裴姝宓挣扎得厉害,温渃漓二话不说,直接给她来了一个过肩摔。
恰好裴姝宓今天穿的是个包臀裙,被这一摔,裙子一下就挤到了腰间,长腿裤衩,四仰八叉,那画面格外的辣眼。
裴栋国和沈静反应过来,又被温渃漓这行云流水的动作惊了惊,等餐厅里的人看着裴姝宓狼狈的模样掩嘴笑个不停时,裴栋国才完全反应过来脱下西装围住她的下半身。
因为裴姝宓刚才身上乱七八糟的东西太多,温渃漓过肩摔,自己也浑身都是,她立马脱下小马甲,往地上一扔,很帅气地撩了一下长发:“倾家荡产?!”
温渃漓的身材是苏晚目前见过最好的。前凸后翘,该多不多,该少不少,腹肌人鱼线一样不落,脱了小马甲,黑色贴身毛衣,一般人很难把持。她扭动着手腕,大有再干一架的趋势:“不好意思,温家确实只是个新起之秀,没什么钱,不过打成残废的医药费还是出得起的!”
温渃漓脸色一沉,冷冷地扫了一眼沈静,轻蔑地说:“当然,如果你要赶我出景城,那得问问我老公,不过只怕你们裴家还没这个能耐!”
恰好一脸阴霾的余杭进门听到的就是这句话,心情一下子风雪转晴,一边走一边脱下自己的军绿色大衣,上前罩在温渃漓身上,沉声问:“是谁要把我余杭的妻子赶出景城?”

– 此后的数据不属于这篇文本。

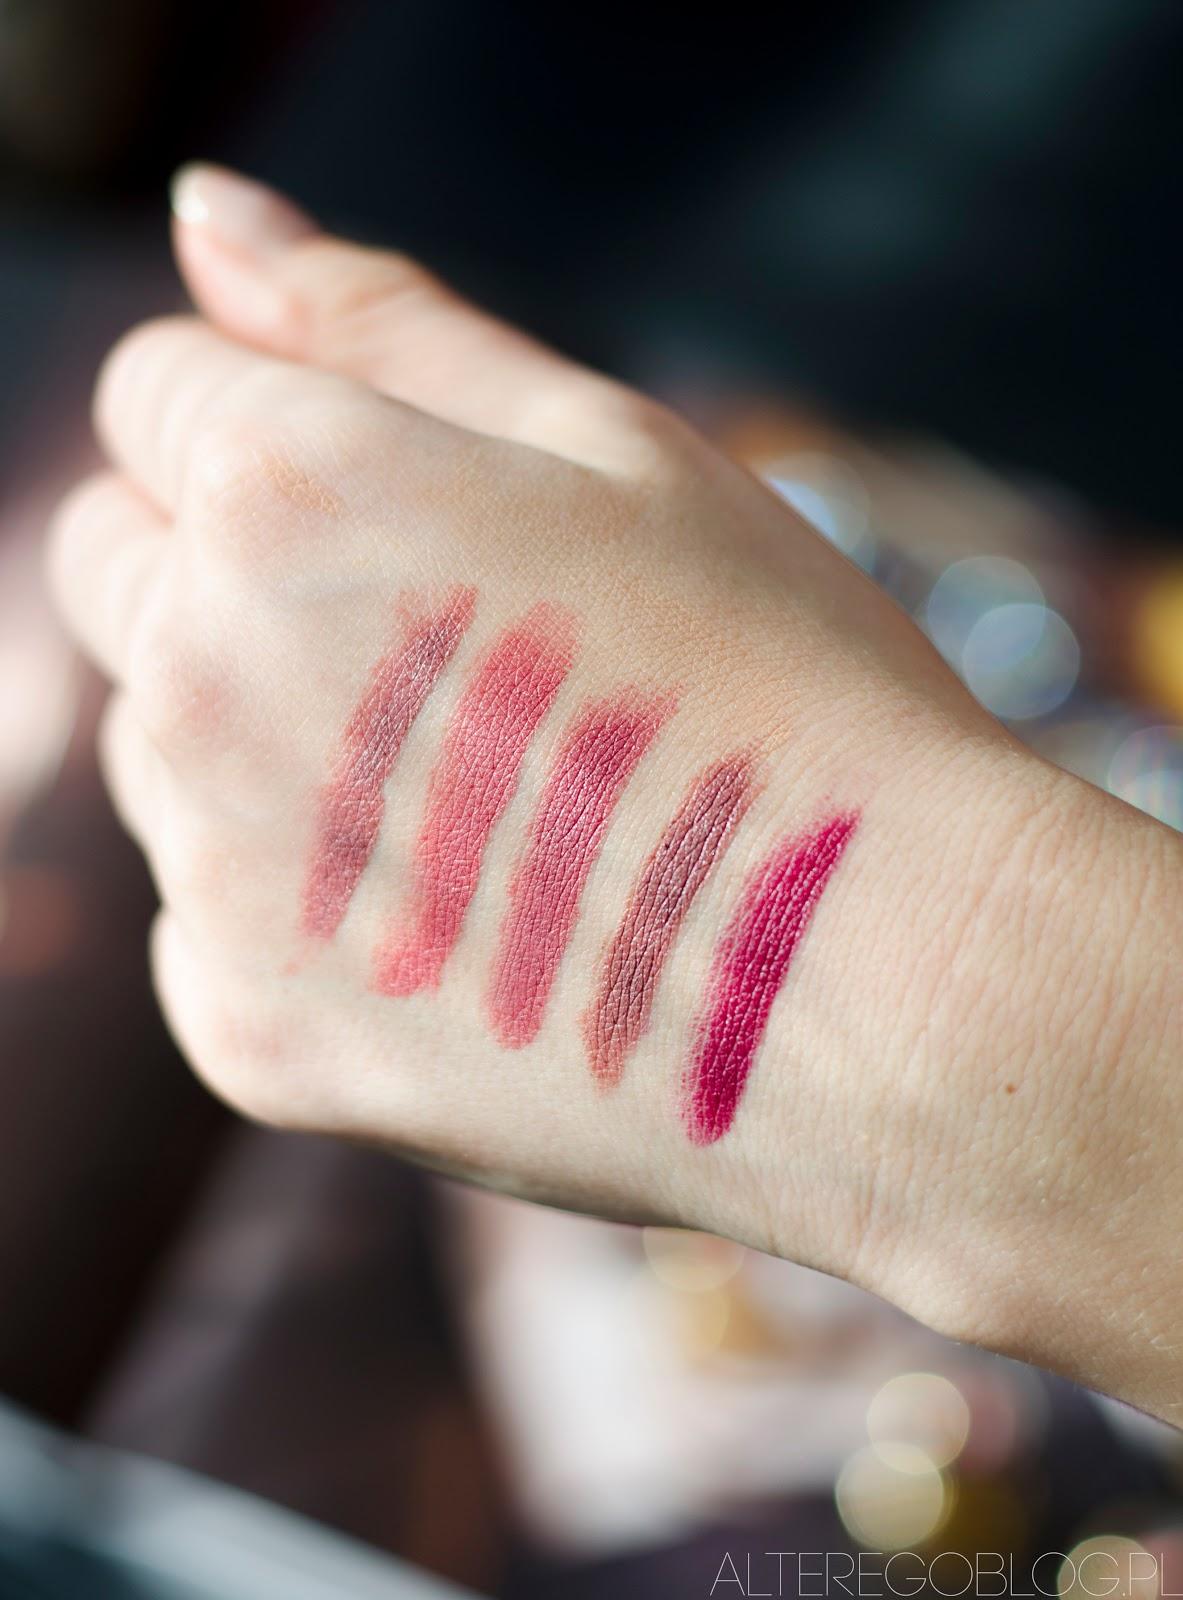 kobo matte lips, kobo matte lips edycja limitowana, kobo matte lips 413, 414, 415, 416, 417, matte lips recenzja, matte lips recenzja blog

见沈静满脸不满,正准备开口,裴栋国赶紧抢先堆笑说:“余总,温小姐说笑呢。”
余杭脸色冷下来,扫了一眼四周,握住温渃漓的手,看见她的掌心有些红,脸色更冷:“你打人了?”
“是啊。”温渃漓满不在乎地说:“有些贱人敢欺负我苏苏姐,丑得影响市容,还出来污染空气,我当然要替广大人民群众教训教训这种不要脸的人啦。”
“谁让你动手打人的!”余杭脸色很臭。语气更是带着森寒。
那沈静见状,立马板起脸,摆高姿态:“可不是打人了吗?看把我家女儿打得!余总,你说,这件事怎么办吧!”
苏晚闻言,不由得轻声笑了出来,她以为她是谁?怎么办?呵……她又以为余杭是谁?
果然,余杭下一句就是,“不是跟你说了吗,打人不要用手,实在气不过,拿个东西。你看,都红了吧?疼吗?”
虽然是责备的语气,却是满满的宠溺和心疼。
沈静、裴栋国、裴姝宓、裴悦,懵:“……”
“疼。”温渃漓撇着嘴,做着一点也不符合她御姐形象的装可怜模样,抽回自己的手,说到:“可我就是气不过嘛!苏苏姐对我来说,就跟亲姐一样,也是你亲姐。你要是见着有人欺负你姐,不会忍得下这口气吗?”
见余杭不搭话,温渃漓御姐范儿立马上来:“怎么,不把苏苏姐当亲姐?我告诉你,你要是……唔……”
她瞪大眼睛,看着用唇堵住她嘴巴的余杭,一下子忘记了反应。
余杭退开,看着仍旧处于震惊中的温渃漓,温柔地摸了摸她的头,说:“我公司还有点急事,你先跟我回去,好吗?姐姐的事,我一定处理好。”
旁边的苏晚听到余杭嘴里的“姐姐”两个字,浑身一抖,哪里哪里都别扭。
“好。”温渃漓讷讷地摸着自己刚刚被吻的唇,呆呆点头。
“裴总也听到了,苏小姐的事就是我余某人的事。关于我姐姐受欺这件事,我希望裴总改日能给余某一个满意的交代。”他揽着温渃漓,丢下这么一句话,就离开了餐厅。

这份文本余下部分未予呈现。